Here the *t*-statistic is relatively large and the *p*-value very small, lending support for rejecting the null hypothesis of no significant difference in the means (and accepting the alternative hypothesis that the means do differ). Remember, we haven’t “proven” that they differ, we’ve only rejected the idea that they are identical.

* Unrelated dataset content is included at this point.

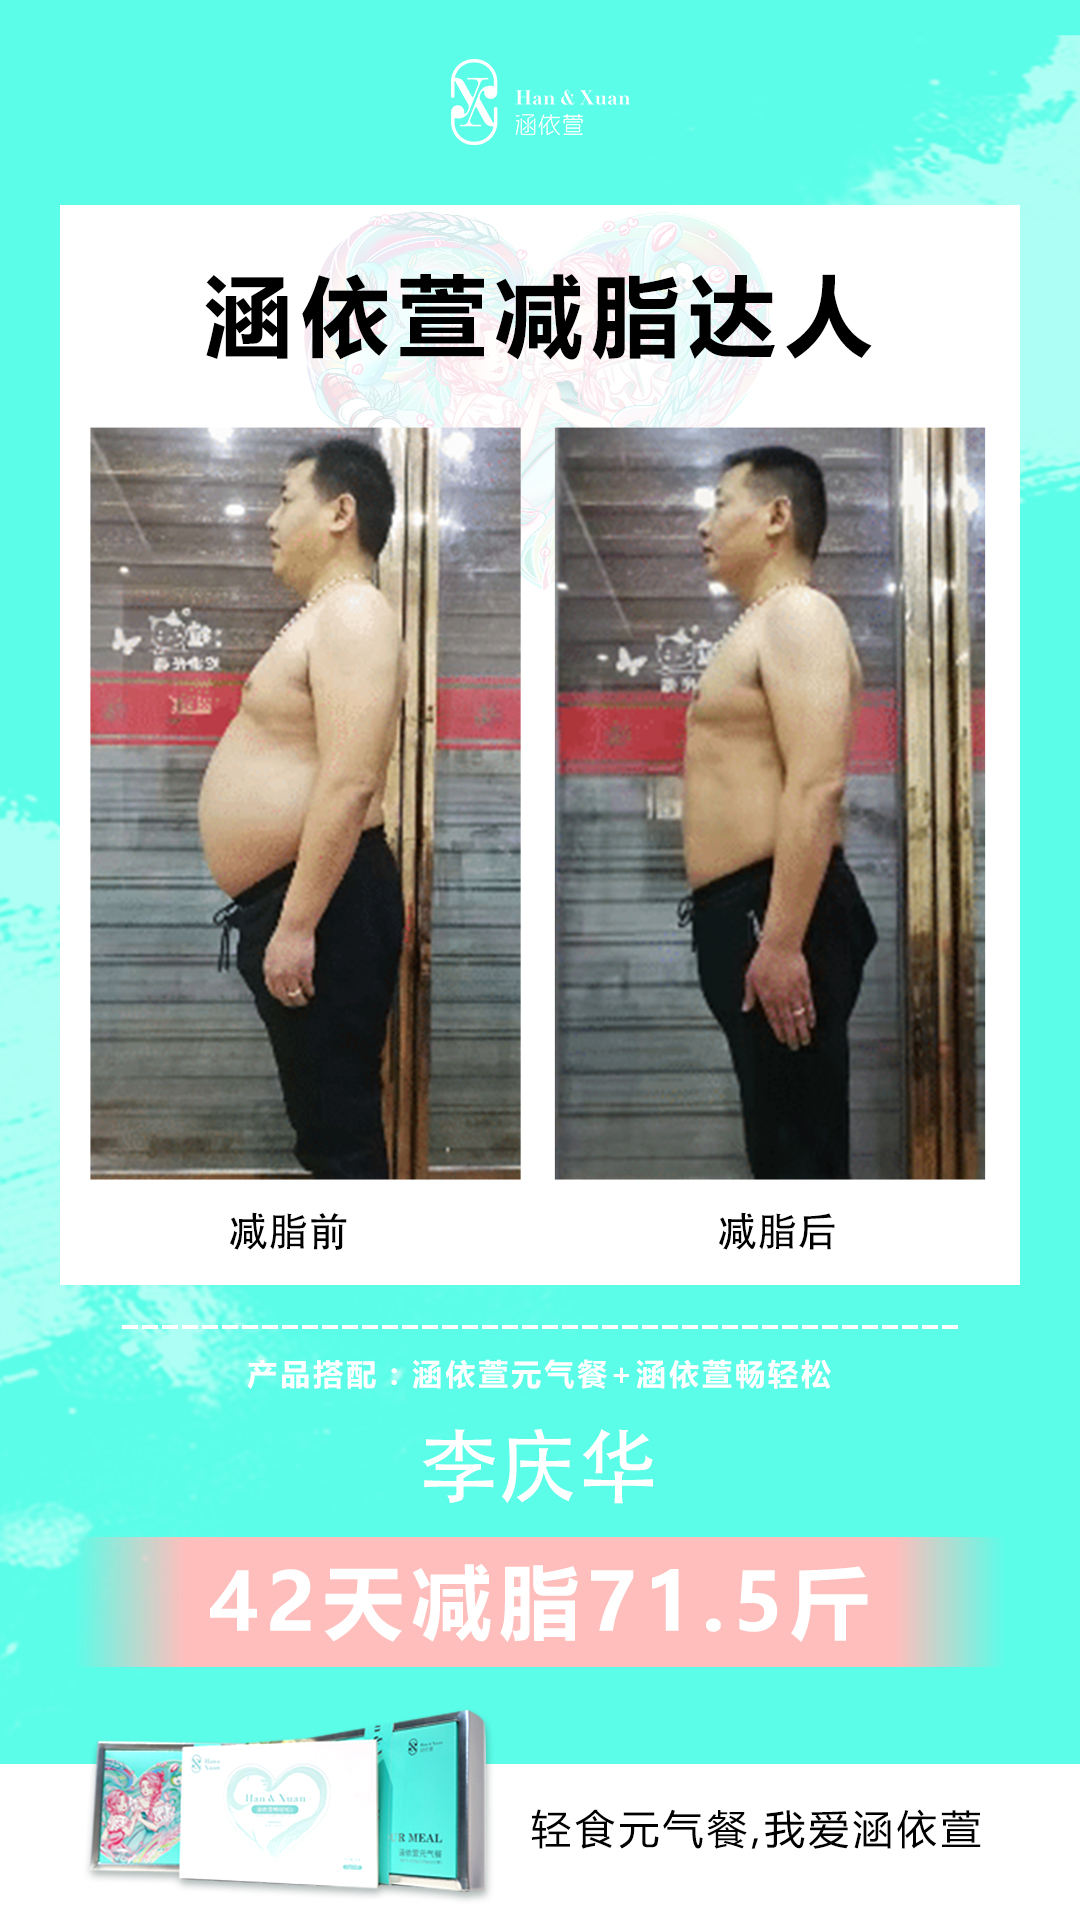 李庆华 使用涵依萱元气餐42天减脂71.5斤

One assumption that underlies the *t*-test is that the variances (or dispersions) of the two samples are equal. A modification of the basic test allows cases when the variances are approximately equal to be handled, but large differences in variability between the two groups can have an impact on the interpretability of the test results:

Example data: [foursamples.csv]

*t*-tests among groups with different variances

```
attach(foursamples)
# nice histograms
<- seq(0.0, 20.0, by=1)
cutpts par(mfrow=c(2,2))
hist(Sample1, breaks=cutpts, xlim=c(0,20))
hist(Sample2, breaks=cutpts, xlim=c(0,20))
hist(Sample3, breaks=cutpts, xlim=c(0,20))
hist(Sample4, breaks=cutpts, xlim=c(0,20))
```

```
par(mfrow=c(1,1))
boxplot(Sample1, Sample2, Sample3, Sample4)
```

`mean(Sample1)-mean(Sample2)`

`## [1] -0.2718703`

`t.test(Sample1, Sample2)`

```
##
## Welch Two Sample t-test
##
## data: Sample1 and Sample2
## t = -1.7294, df = 997.9, p-value = 0.08404
## alternative hypothesis: true difference in means is not equal to 0
## 95 percent confidence interval:
## -0.58035326 0.03661273
## sample estimates:
## mean of x mean of y
## 10.72631 10.99818
```

`mean(Sample3)-mean(Sample4)`

`## [1] -0.2676365`

`t.test(Sample3, Sample4)`

```
##
## Welch Two Sample t-test
##
## data: Sample3 and Sample4
## t = -4.2308, df = 998, p-value = 2.543e-05
## alternative hypothesis: true difference in means is not equal to 0
## 95 percent confidence interval:
## -0.3917738 -0.1434991
## sample estimates:
## mean of x mean of y
## 10.73264 11.00027
```

`mean(Sample1)-mean(Sample3)`

`## [1] -0.006325667`

`t.test(Sample1, Sample3)`

```
##
## Welch Two Sample t-test
##
## data: Sample1 and Sample3
## t = -0.053011, df = 658.3, p-value = 0.9577
## alternative hypothesis: true difference in means is not equal to 0
## 95 percent confidence interval:
## -0.2406330 0.2279816
## sample estimates:
## mean of x mean of y
## 10.72631 10.73264
```

`mean(Sample2)-mean(Sample4)`

`## [1] -0.002091883`

`t.test(Sample2, Sample4)`

```
##
## Welch Two Sample t-test
##
## data: Sample2 and Sample4
## t = -0.017387, df = 654.69, p-value = 0.9861
## alternative hypothesis: true difference in means is not equal to 0
## 95 percent confidence interval:
## -0.2383369 0.2341532
## sample estimates:
## mean of x mean of y
## 10.99818 11.00027
```

`detach(foursamples)`

There is a formal test for equality of group variances that will be described with analysis of variance.